Austin-Travis County Health Authority Dr. Desmar Walkes met with three maternal medicine specialists on Monday morning to warn of yet another COVID-19 Delta variant concern: severe cases of the disease affecting unvaccinated mothers-to-be.
The doctors said unvaccinated pregnant women face an increased risk of preterm births, long-term effects, preeclampsia, ICU stays, stillbirths, being put on life support and even death if they are unvaccinated.
"We are really concerned that we are not getting that population of folks to hear this message of the safety of vaccines, so today we're assembled, one and all to say, wear a mask and please get vaccinated," Walkes said. "Vaccinations are the way to prevent severe disease and hospitalizations and death."
Medical Director of Maternal Fetal Medicine at St. David's Women's Center of Texas Dr. Kimberly DeStefano said 95% of pregnant women admitted with COVID-19 are unvaccinated, stressing that all pregnant and lactating women should get the vaccine not only to protect themselves but to protect their babies from infection, which can be passed through breastmilk or birth.
"We know that the earlier in pregnancy you are vaccinated, the more antibodies are present at the time of birth for the infant," DeStefano said. "This is something that's very important, both during the pregnancy and postpartum."
Catching COVID-19 while pregnant can cause adverse effects on the baby, particularly because it increases the risk of preterm births. Baylor Scott & White Maternal Obstetrics Chief of Maternal Medicine Dr. Jessica Ehrig, said that preterm births are one of the "biggest impacts" on childhood development.
"We know that (preterm births) can have long-term effects depending on how early a baby's born," Ehrig said. "It increases the risk for long term respiratory issues, for blindness sometimes (and) for neurologic development delays."

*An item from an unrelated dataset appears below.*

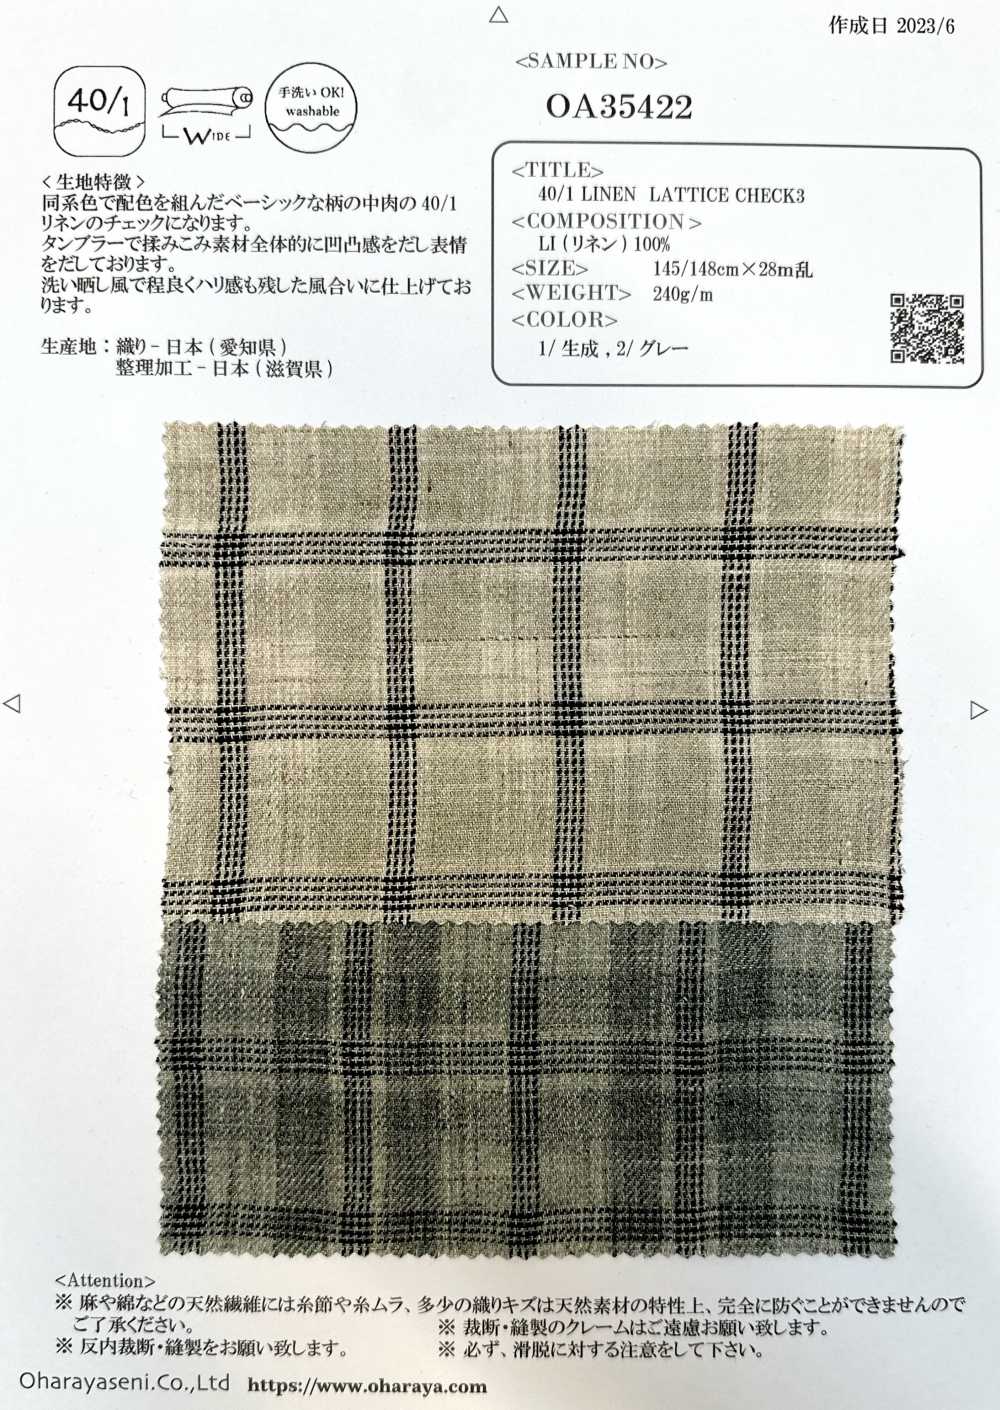 OA35422 CELOSÍA LINO 40/1 CUADRO3[Fabrica Textil] Oharayaseni

Since mid-July, COVID-19 hospitalizations have been on a steep rise that sent the city back to recommending Stage 4 guidelines. As the seven-day rolling average of hospitalizations surpassed 50 admissions, Stage 5 guidelines could be on the horizon. The city reported 54 new admissions and 546 total new cases on Friday.
Delta is more contagious than chickenpox, Walkes said, and even vaccinated individuals can catch and spread the virus without symptoms. The group of doctors asked everyone, especially pregnant women, to mask while in public as local hospitals pass the Stage 5 threshold.